A manager who worked for the Co-op was sacked after exposing the illegal sale of prescription drugs in scenes reminiscent of the escapades of Arthur Daley and Del Boy Trotter,’ referring to characters in Minder and Only Fools And Horses a Tribunal in Stoke-on-Trent has said.
The Co-op sold many thousands of pounds worth of medicines at a ‘car boot sale’ in scenes reminiscent of ‘Del Boy Trotter’, an employment tribunal has heard.
The Co-op held the sale in a car park at its distribution centre in Stoke-on-Trent after telling its 750 pharmacy branches to return goods totalling £1.7 million that were unsold or close to expiry date.
Prescription-only drugs turned up later on a stall in a street market.
The events were exposed at an employment tribunal into the sacking of a manager, Stuart Baddeley, who alerted his bosses after he went to the sale in July 2010, and removed prescription-only drugs because he feared it would be illegal to sell them.
He was then sacked after medicines were found months later in a market in Winsford, Cheshire, who claimed he sold them to a trader and he was arrested on suspicion of the theft.

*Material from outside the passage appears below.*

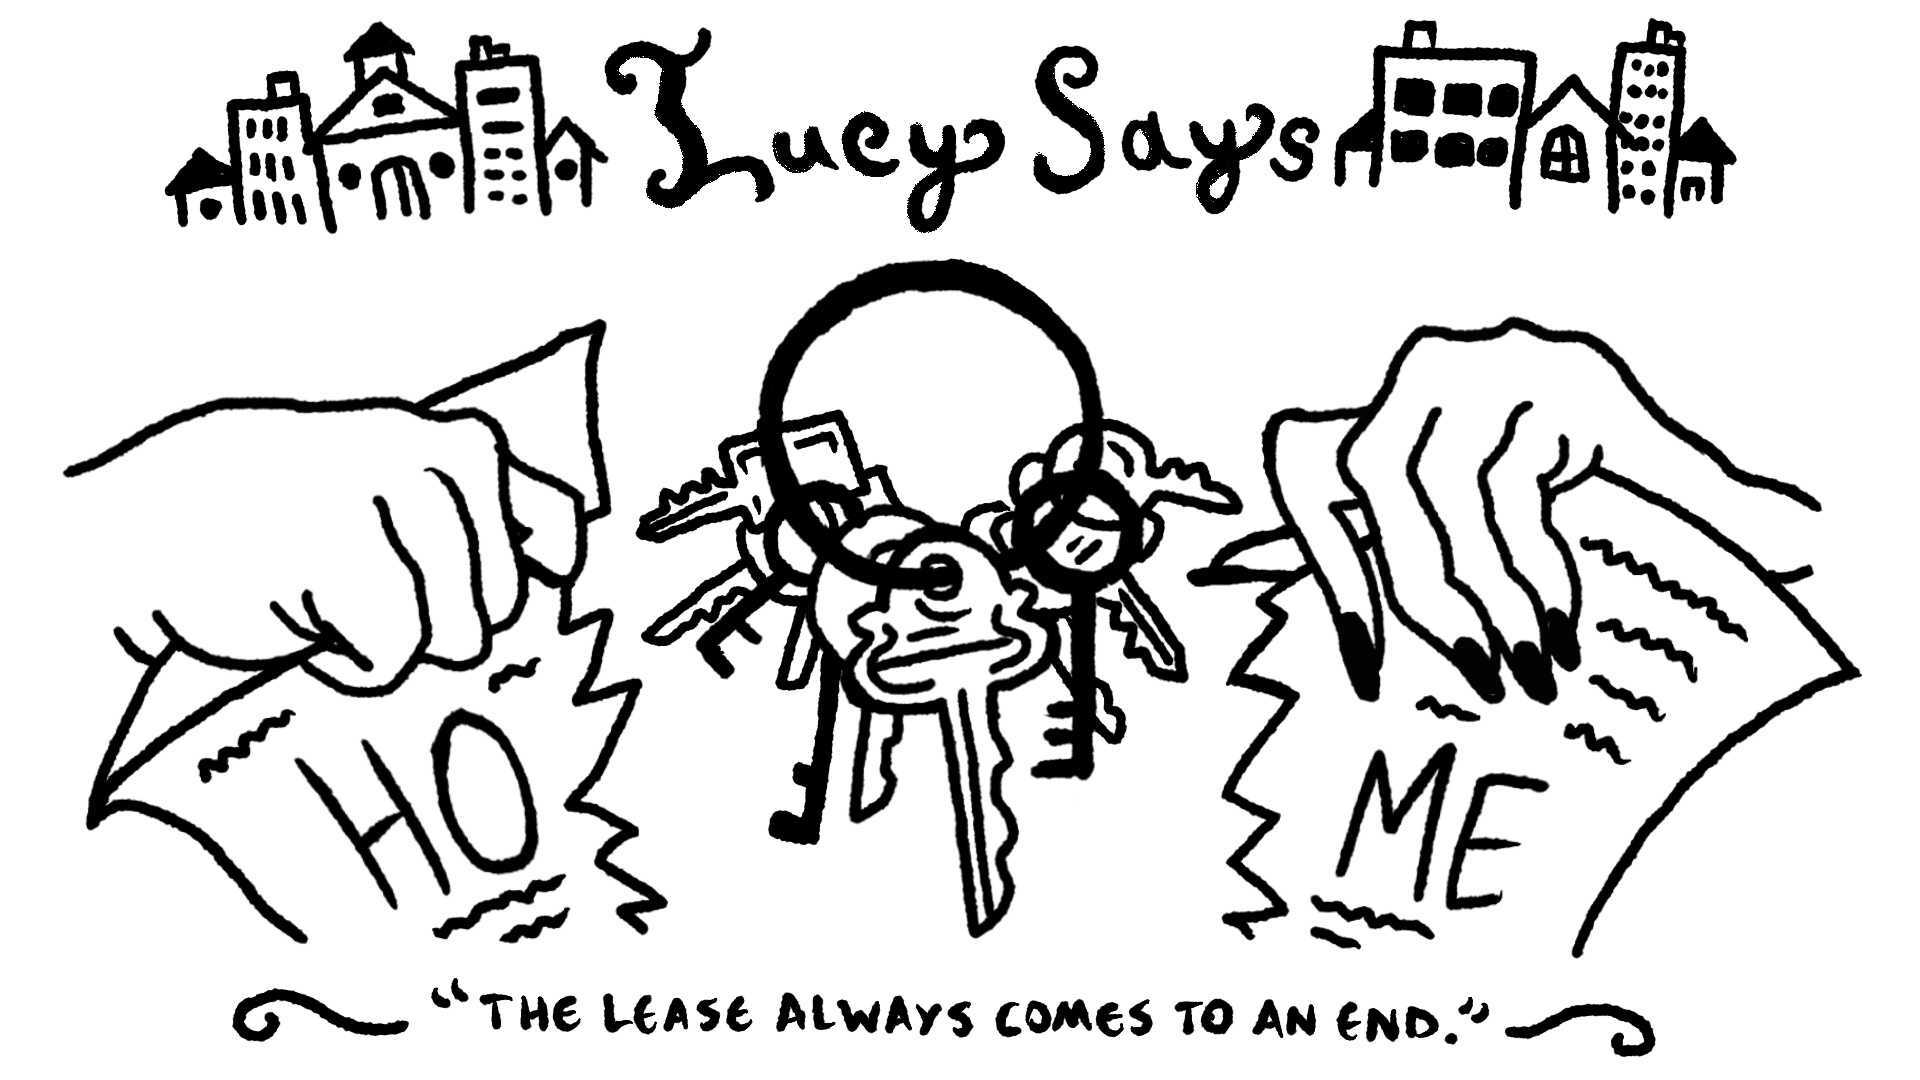 Hands tearing paper that reads “home” with keys in the middle of the torn paper. The top of the illustration reads “Lucy Says” with doodles of homes on each side.

The tribunal in Stoke-on-Trent ruled there was no evidence against him after police cleared him of any wrongdoing.
The tribunal found he had been ‘stitched up’ by Co-op bosses angered that he had raised a series of concerns, including that the car park sale was illegal.
It ruled that Mr Baddeley, 59, should have been protected by ‘whistleblower’ laws after he raised previous concerns about the Co-op’s operations in China. He now stands to win six-figure damages.
Under the Medicines Act 1968, over-the-counter and prescription-only medicines cannot be sold at unrestricted open-air markets. Those convicted face up to two years in prison or unlimited fines.